Catholic agencies respond to victims of Hurricane Dolly

WASHINGTON (CNS) — Food and water were among the primary needs Catholic aid agencies were trying to meet as thousands of households remained without power and some remained under water July 25 in the wake of Hurricane Dolly. Sister Norma Pimentel, executive director of Catholic Social Services in the Brownsville Diocese, said her agency had helped more than 1,000 families who had been forced from their homes during the first 48 hours after the storm hit.

“We are mobilizing the staff and volunteers to help people who don’t have electricity and who have been without power for quite awhile,” Sister Norma, a Missionary Sister of Jesus, told Catholic News Service as she took a short break from coordinating aid efforts. “We’re getting food and water to the people.”

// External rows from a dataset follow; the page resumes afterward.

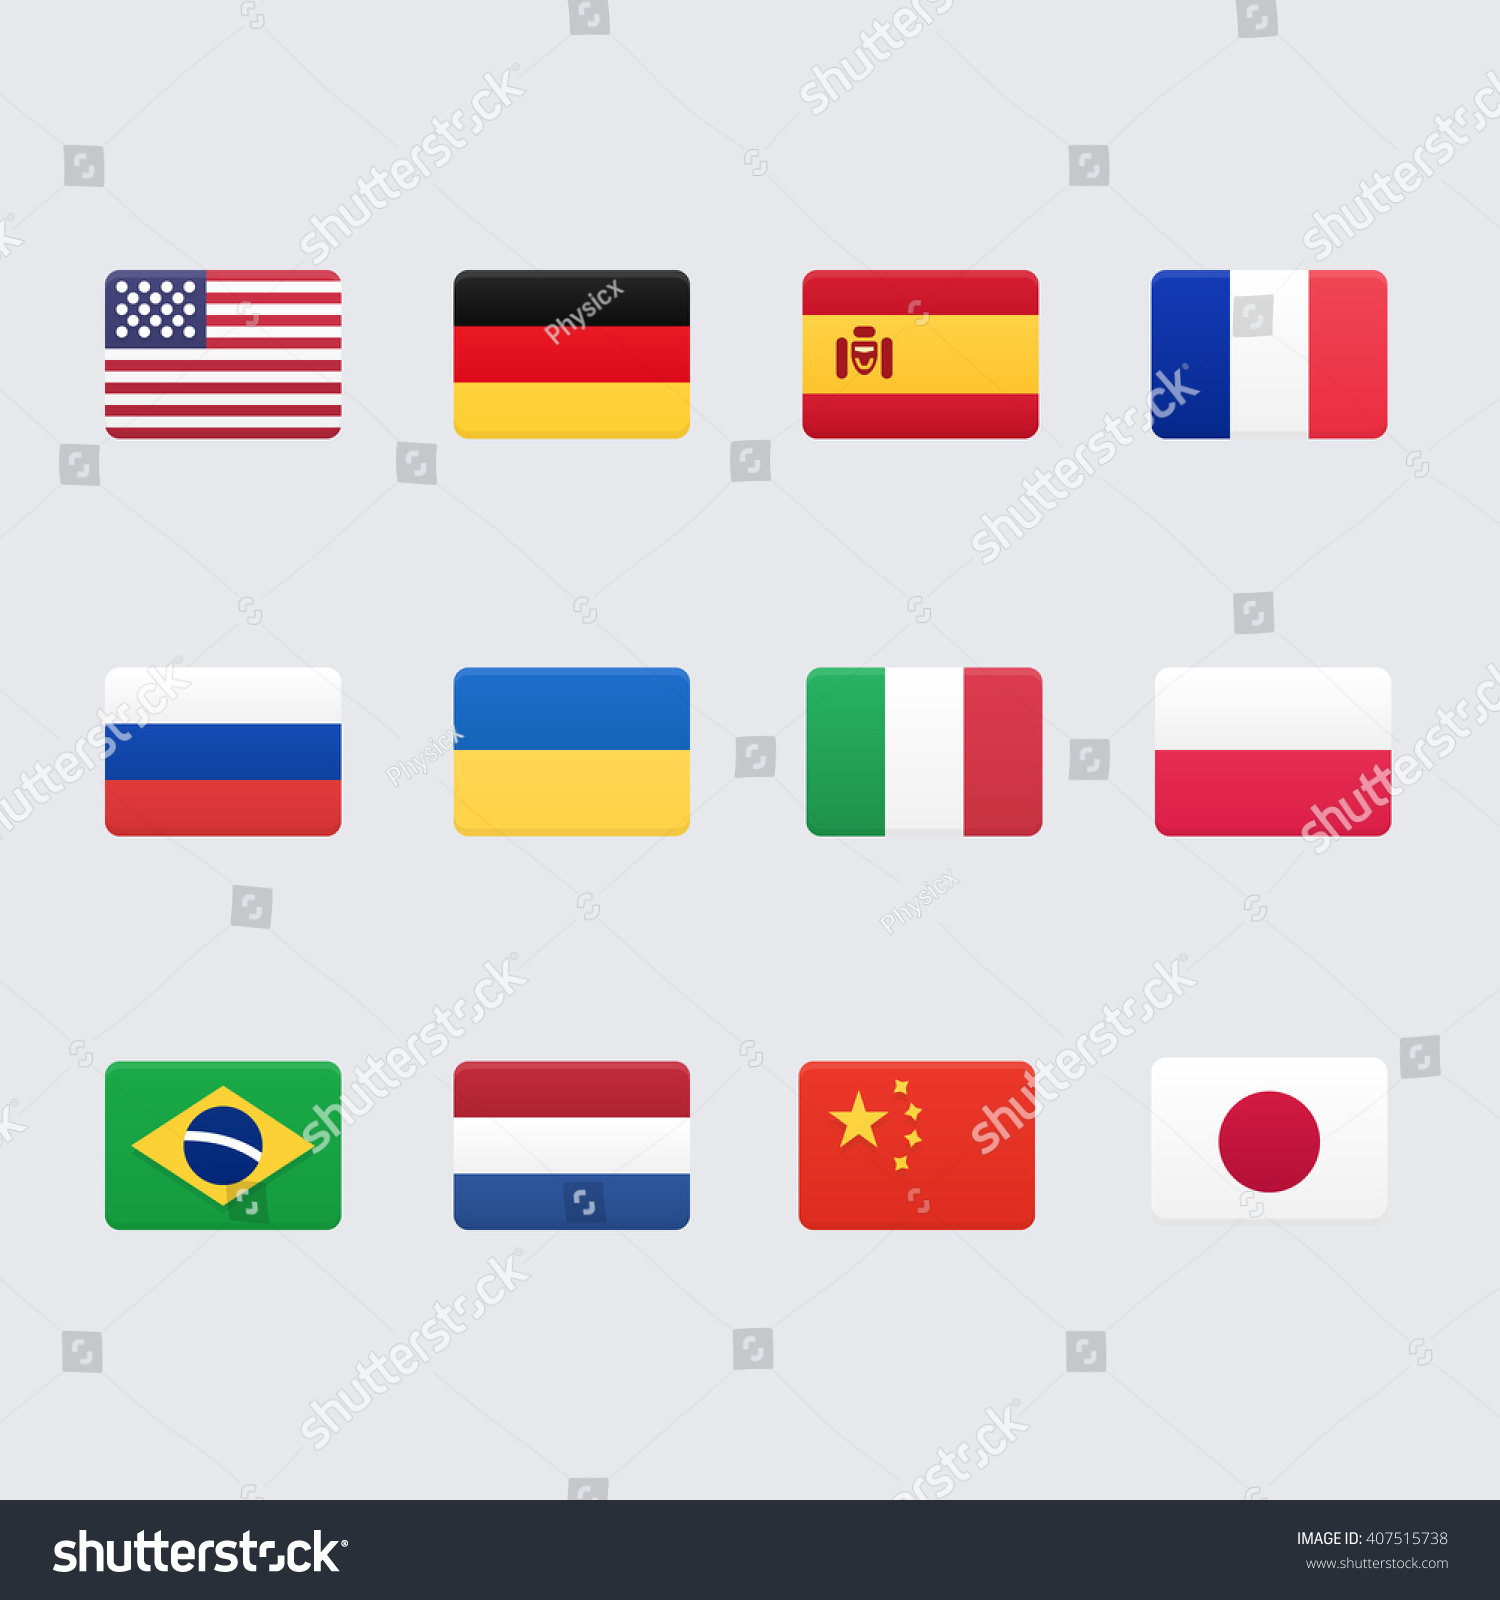 Country Flags Icons. Vector Illustration - 407515738 : Shutterstock
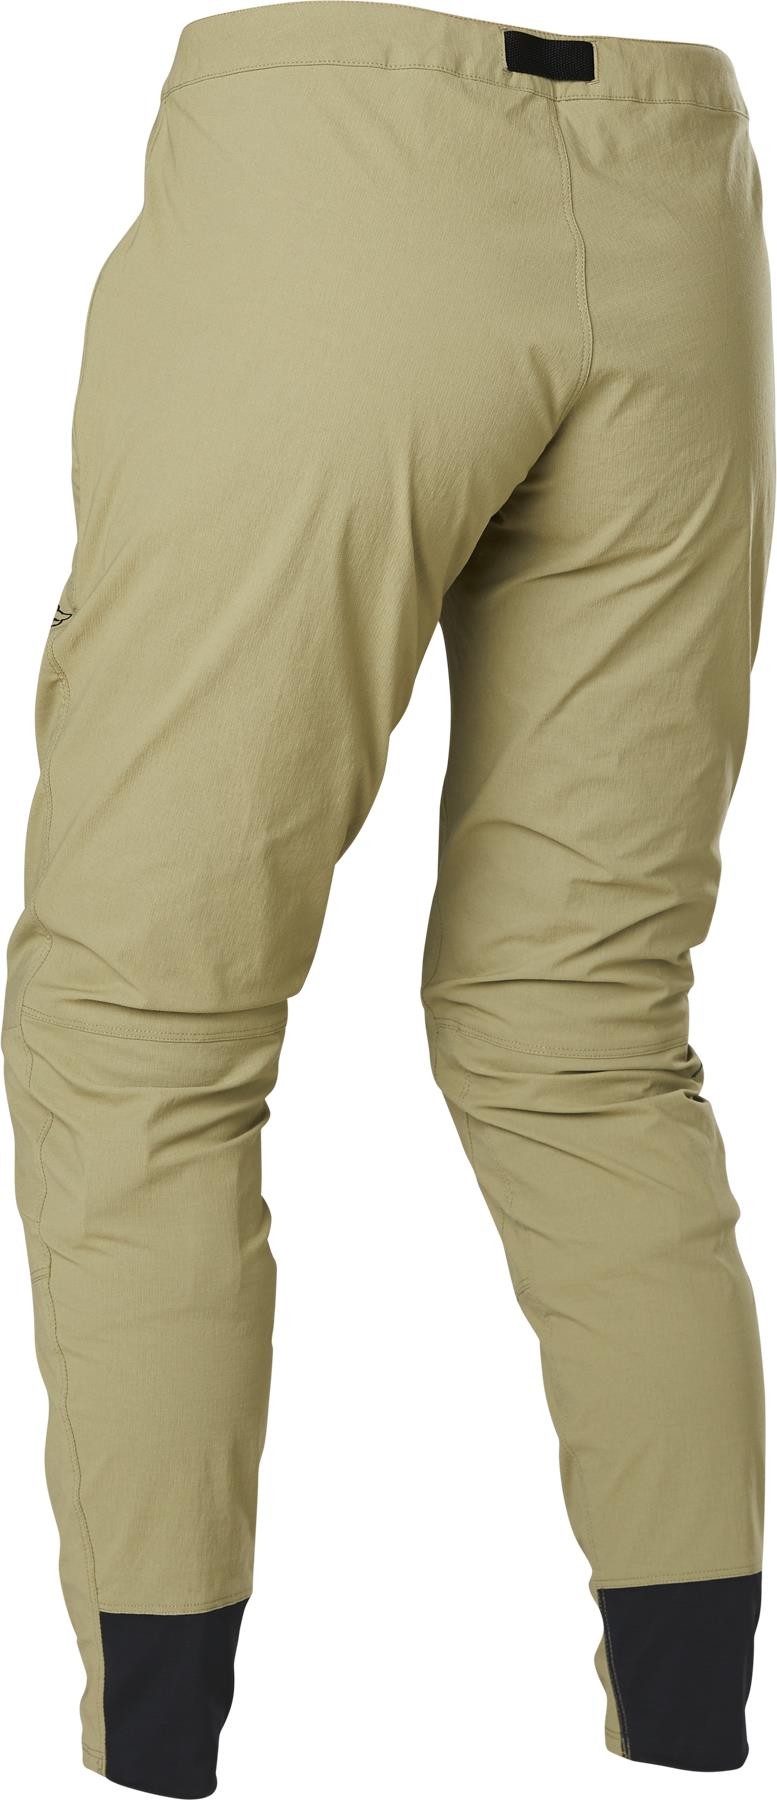 Ranger Womens MTB Cycling Trousers image 1
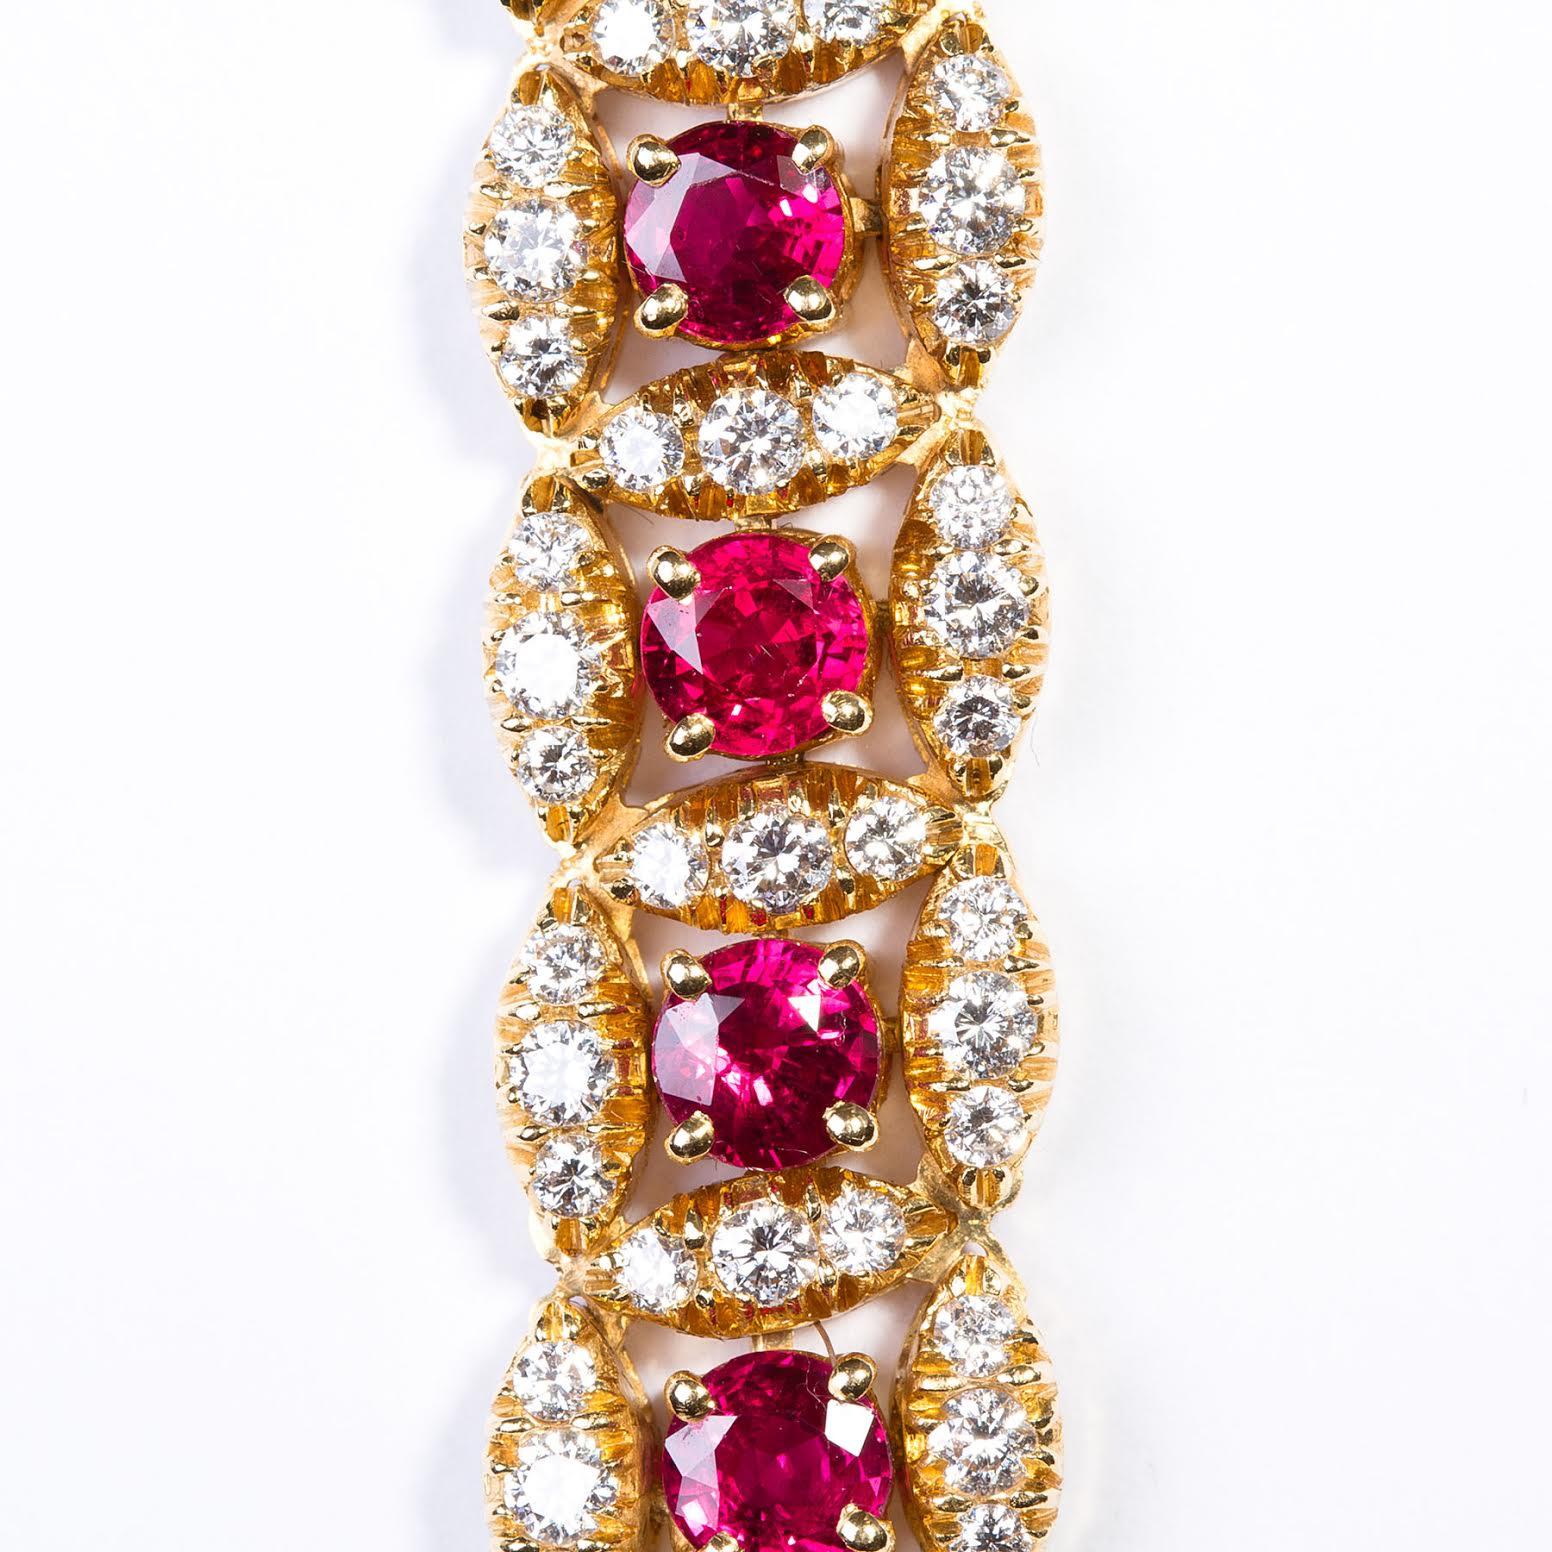 Beautiful Original Oscar Heyman ruby and diamond bracelet circa 1980s crafted in 18k yellow gold. This unique and beautifully crafted bracelet showcases 22 crimson red ruby’s weighing approximately 12.1 carats total surrounded by 198 round brilliant

“Parishes are directing their people to us so we can start to do some case management and do long-term recovery,” she said. Dolly lashed the Brownsville Diocese, which encompasses Cameron, Willacy, Hidalgo and Starr counties in southernmost Texas, with 100-mph winds and up to 20 inches of rain. The center of the storm made landfall about 35 miles north of the U.S.-Mexico border. Communities in the northern part of the diocese in Willacy and northern Hidalgo counties bore the brunt of the storm as the eye passed over the region. Although flooding was widespread throughout the region, waters receded in most areas quickly.